Today we find ourselves housebound, cut off from friends,
family, and colleagues, engaged in a collective action against a highly
contagious virus, and so far the only mass hysteria has been that some people
got nervous about their toilet-paper supply.
But who am I to call that “hysteria”? I’m fairly certain
that I have enough of those essential supplies to carry me through the crisis,
but I can’t speak for you or your needs. Don’t criticize people, goes the
saying, until you’ve walked a mile in their shoes. How do I know how much
toilet paper you need until I’ve, you know, sat . . .
You get the picture. Hollywood was convinced that we
wouldn’t be able to handle this, whatever “this” is. And yes, a fuzzy and
impossible-to-identify image of a certified UFO isn’t exactly The Day the
Earth Stood Still.

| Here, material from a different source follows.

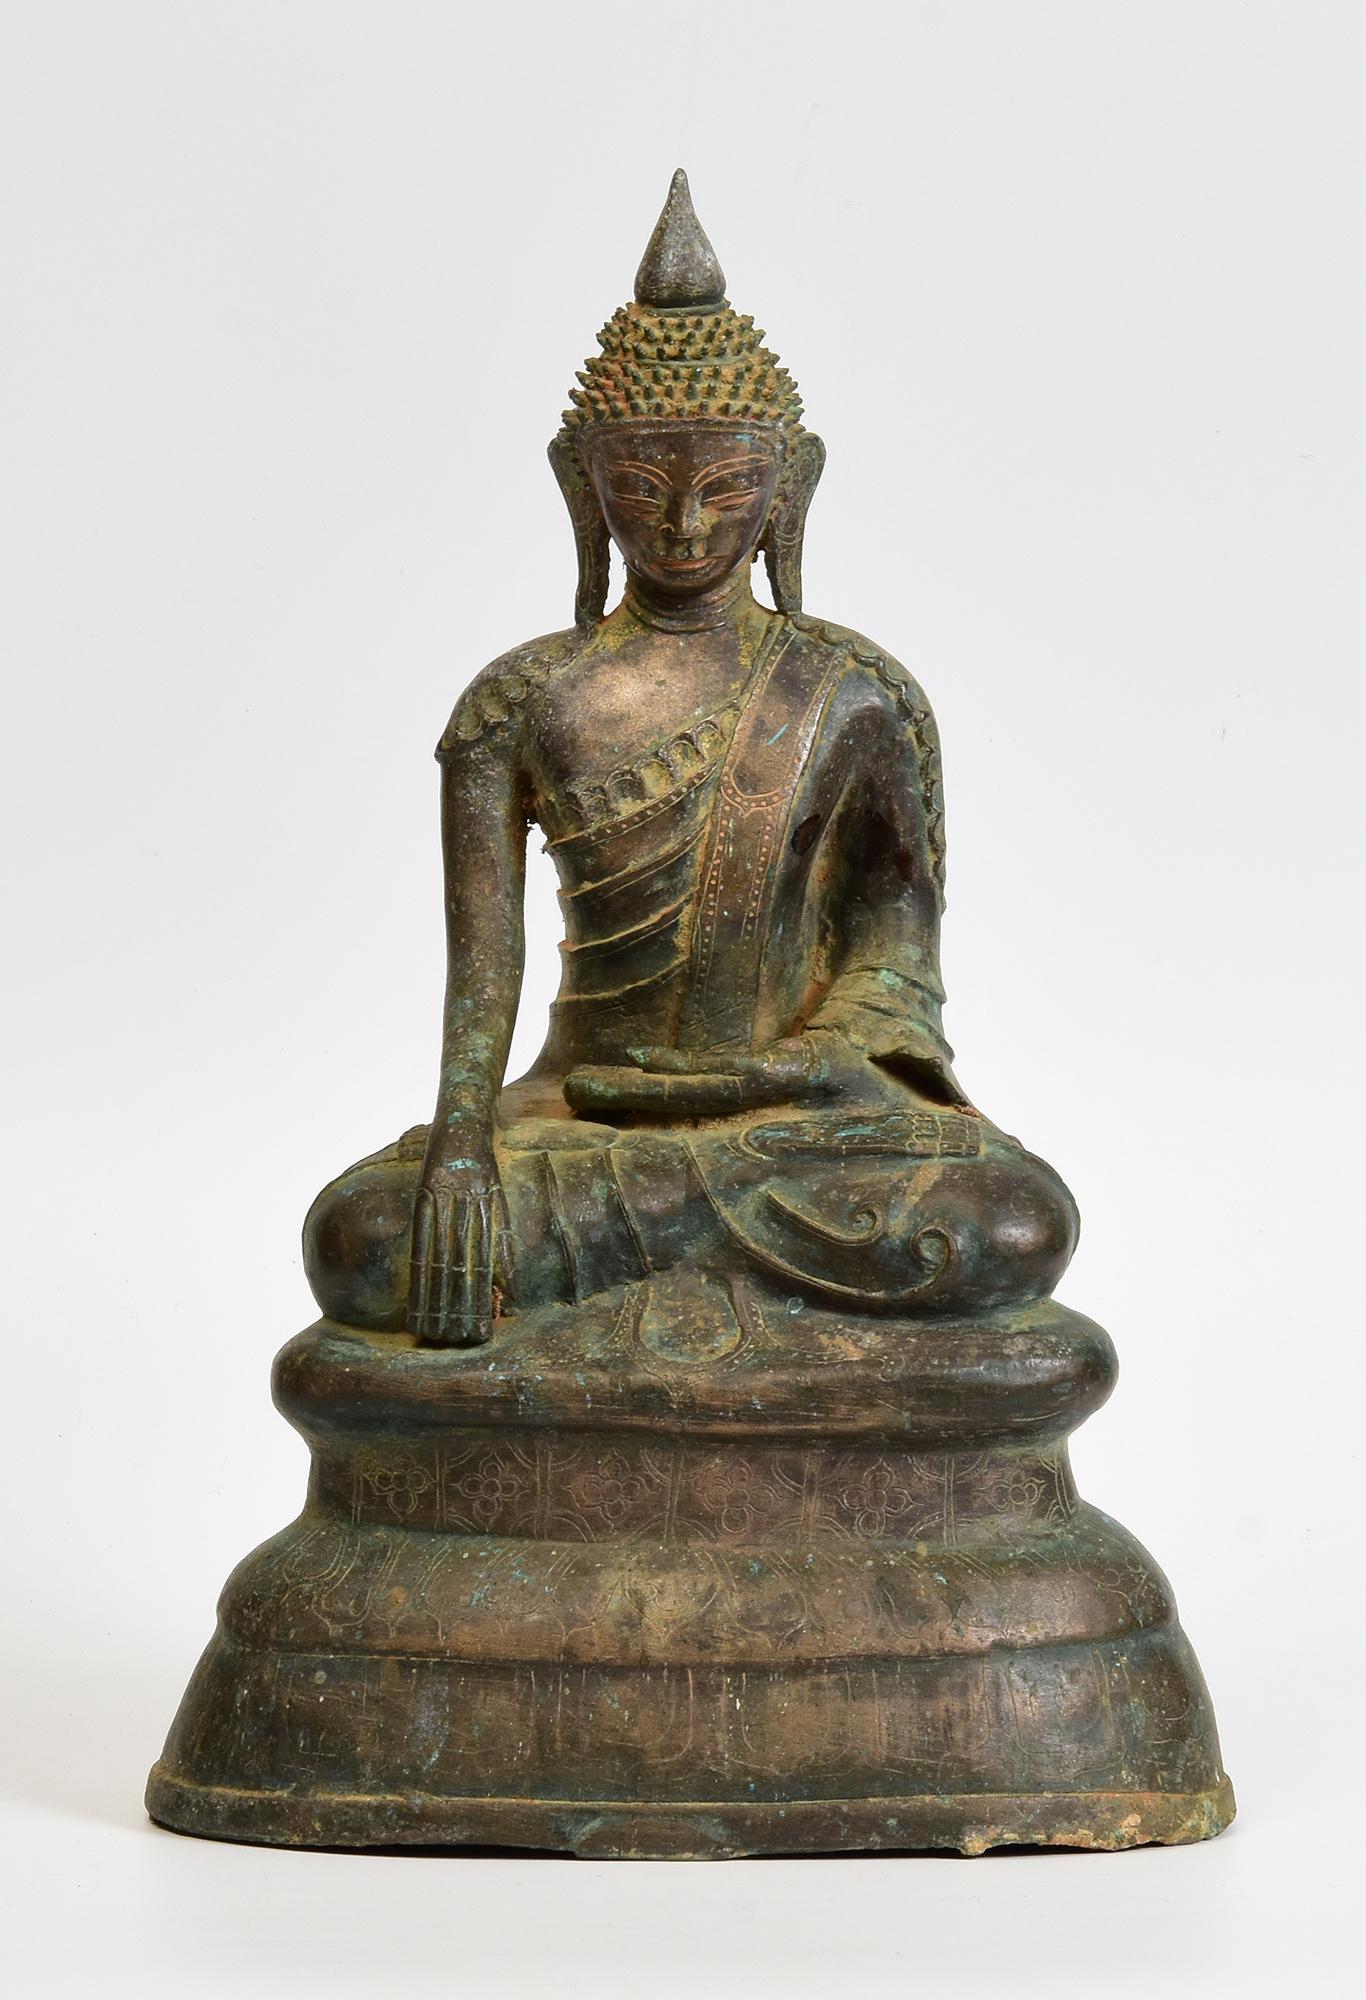 17th Century, Early Shan, Rare Antique Burmese Bronze Seated Buddha For Sale 7

But the collective yawn from the general population
suggests that we’re well prepared for when (if) the real thing comes along.
Just as COVID-19 — as awful and deadly as it is — isn’t quite the killer grippe
of the movie Contagion, much less the explosively bloody Ebola of Outbreak,
the almost total lack of public freakouts suggests that we’re all going to be
fine. We may even be more stable and calm than the folks in Hollywood, many of
whom have chucked their belief in nontraditional shamanic medicine and magic
jade eggs and are now screaming at their internist for an antibody test — I
don’t care if there isn’t one yet! I want one! — and sending their
assistant out for hydroxychloroquine, vegan, if they have it.
The American people, whether they knew it or not, had
been preparing for a COVID-19-style event for a decade, at least. Americans in
general (and me in specific) may be terrible at math, but everyone is familiar
with the concept of a “viral video.” We’ve spent the better part of this
century sharing and retweeting and forwarding videos, passing funny memes and
GIFs along to our entire address book, sharing and posting “you won’t believe
what happened next” content to our Facebook wall. Our timelines and
social-media feeds are infested with viral content — we’re not even sure where
it all came from, who sent it first, why it’s in front of us — so the idea of
being touched by a virus that came from someone with whom we have the thinnest
connections? We’ve been living that way since aol.com.
And we know how to protect ourselves from it, too: log
off, run antivirus software, turn the computer off for a minute, and when it’s
cooled off, turn it back on. Sound familiar?
Working from home? Big deal. Our devices and software
have enabled many of us to take work everywhere. The American worker has long
since adjusted to late-evening emails and urgent texts from the boss over the
weekend. The COVID-19 edict to work from home is, for these Americans,
redundant — most of us carry our offices in our pockets, able to edit and
forward and collaborate on any document, on any task, anywhere. Connectivity
has already extended the working hours into the home hours — which is only fair
when you consider how much time employees spend mindlessly surfing the Web at
work.
The surge in videoconferencing comes just at the time
when ordinary Americans have mastered the tricks to looking good onscreen. All
over the country people are propping their laptops on a stack of books — when
you look slightly up, you appear thinner and more youthful — and blurring the
background of the home office that was, before COVID, a closet with a squeaky
door and a bunch of old Swiffers. Americans have been starring in their own
shows on Facebook, Instagram, Snapchat, and TikTok for years — they are, I
assure you, ready for their close-up.
Americans are ready, in general. Maybe not cheerful about
it — the virus is serious business, and there are lots of tears left to be shed
— but to the average American, none of this seems like something to get
hysterical about. Some Navy pilots saw a UFO? Whatevs. We’ve all gotta stay in
because of a deadly virus? No prob. We’re Americans, we adapt. Even if we do,
somehow, run out of toilet paper, we’ll shrug and figure out a workaround.
You get the picture. Hollywood doesn’t.